= OER Project =

Project for global teaching of Big History

OER Project is a non-profit open educational resources provider co-founded in 2011 by Bill Gates and David Christian. Originally known as Big History Project (BHP), the titular course was intended to enable the global teaching of the subject of Big History, which has been described as "the attempt to understand, in a unified way, the history of Cosmos, Earth, Life and Humanity." The company rebranded as OER Project in 2019 and now offers World History Project, Climate Project, and other courses in addition to the original BHP curriculum.

==History of OER Project==
Bill Gates became interested in the topic when he heard "Big History: The Big Bang, Life on Earth, and the Rise of Humanity," a 48-lecture course taught by David Christian and published by The Teaching Company. For Gates, "he [Christian] really blew me away. Here's a guy who's read across the sciences, humanities, and social sciences and brought it together in a single framework. It made me wish that I could have taken big history when I was young, because it would have given me a way to think about all of the school work and reading that followed. In particular, it really put the sciences in an interesting historical context and explained how they apply to a lot of contemporary concerns."

After Gates and Christian met to discuss the lectures, the genesis of the Big History Project occurred. They founded the project, and developed a team to achieve their stated goal, "to get Big History taught to as many students around the world as possible".

Big History Project was launched at the 2011 TED conference at Long Beach, California on 2 March 2011. David Christian presented an 18-minute lecture outlining big history and the intention of creating a global online delivery of a classroom-tested course aimed at 9th grade students. His presentation was part of the Bill Gates-curated "Knowledge Revolution" section of the conference.

In 2019, BHP launched a second course, World History Project (WHP), and announced that the organization had rebranded as OER Project to reflect their expanded catalogue. OER Project has subsequently added a variety of history and climate education courses and announced in 2022 that over one million students had accessed its materials during its first decade in operation.

==Project team==
BHP's initial academic advisers were:

1. Bob Bain, Associate Professor at the University of Michigan, Ann Arbor
2. Marnie Hughes-Warrington (Pro-Vice Chancellor, Monash University, Melbourne)
3. Tracy Sullivan (Director of the Australian History Museum at Macquarie University, Sydney)
4. Sal Khan (founder and executive director of the Khan Academy).
Bain and Trevor Getz (San Francisco State University) are OER Project's current academic leads, and the advisory board now comprises more than 20 predominantly US-based academics and educators.

==Initial pilot program==
Prior to launch, seven schools were selected for the initial classroom pilot phase of the project.

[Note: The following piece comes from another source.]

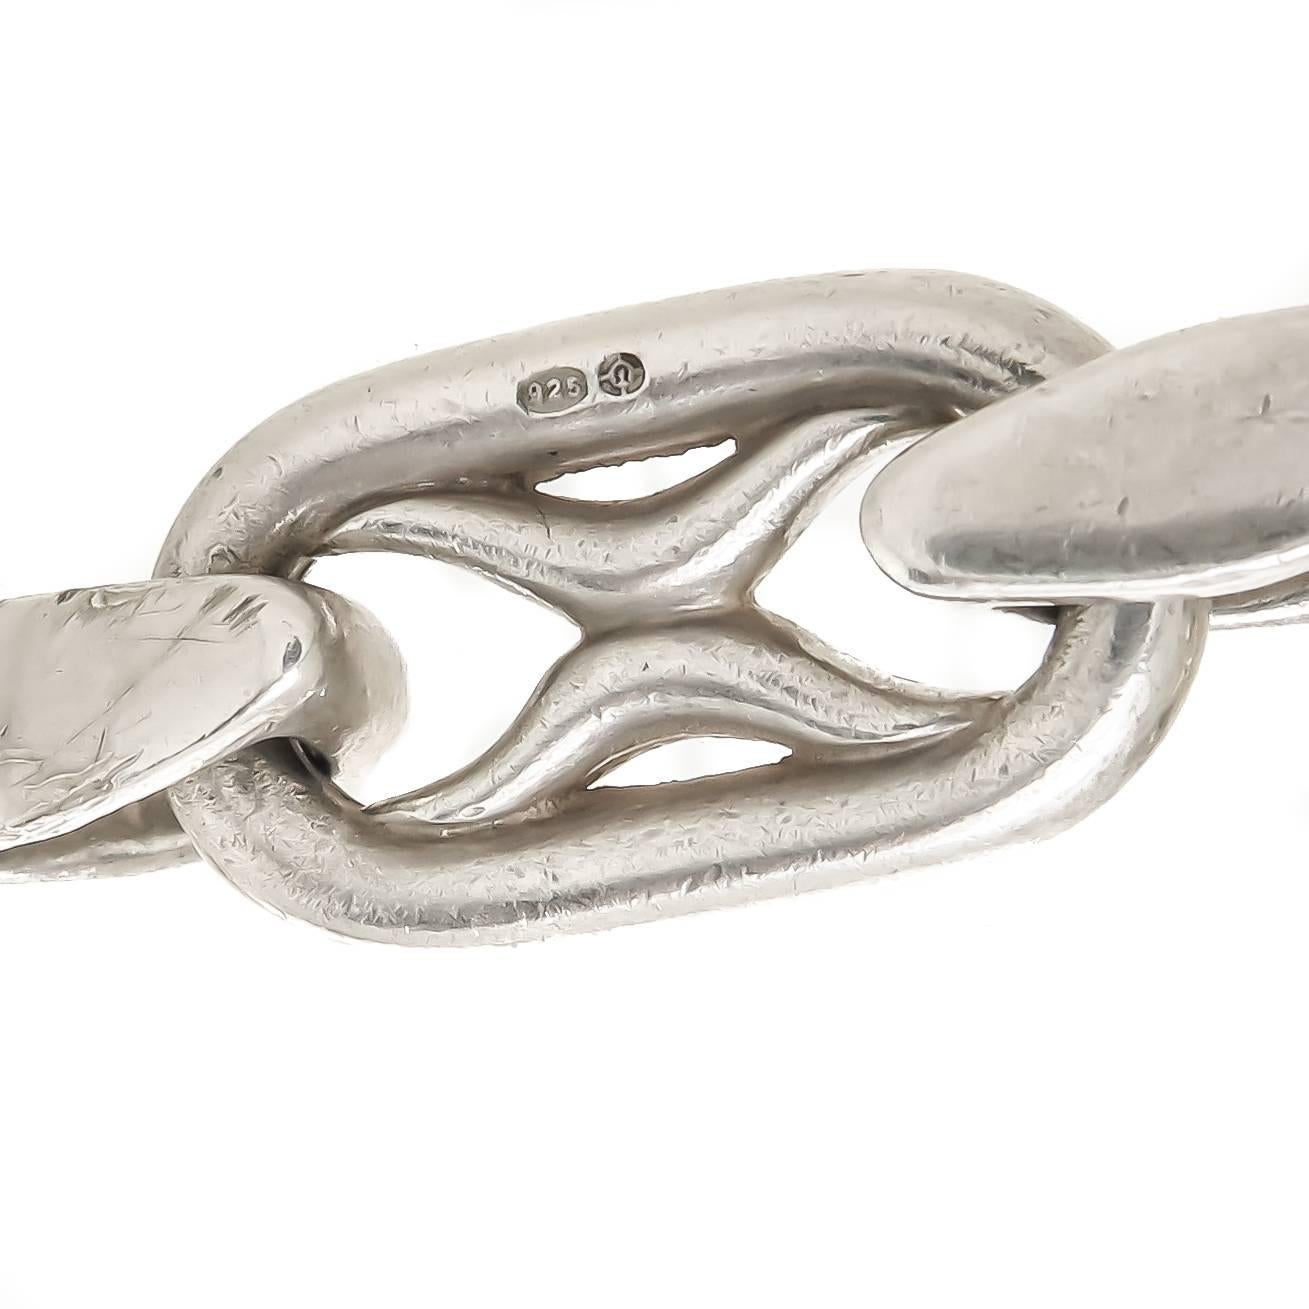 hermes silver link bracelet

In the United States, San Diego High School of International Studies (California); The Rivers School (Massachusetts); Northville High School (Michigan); Greenhills High School (Michigan) and Lakeside School (Washington) taught Big History Project in the 2011/12 school year. In Australia, Narara Valley High School in New South Wales and Nossal High School in Victoria taught the course in their 2012 school year.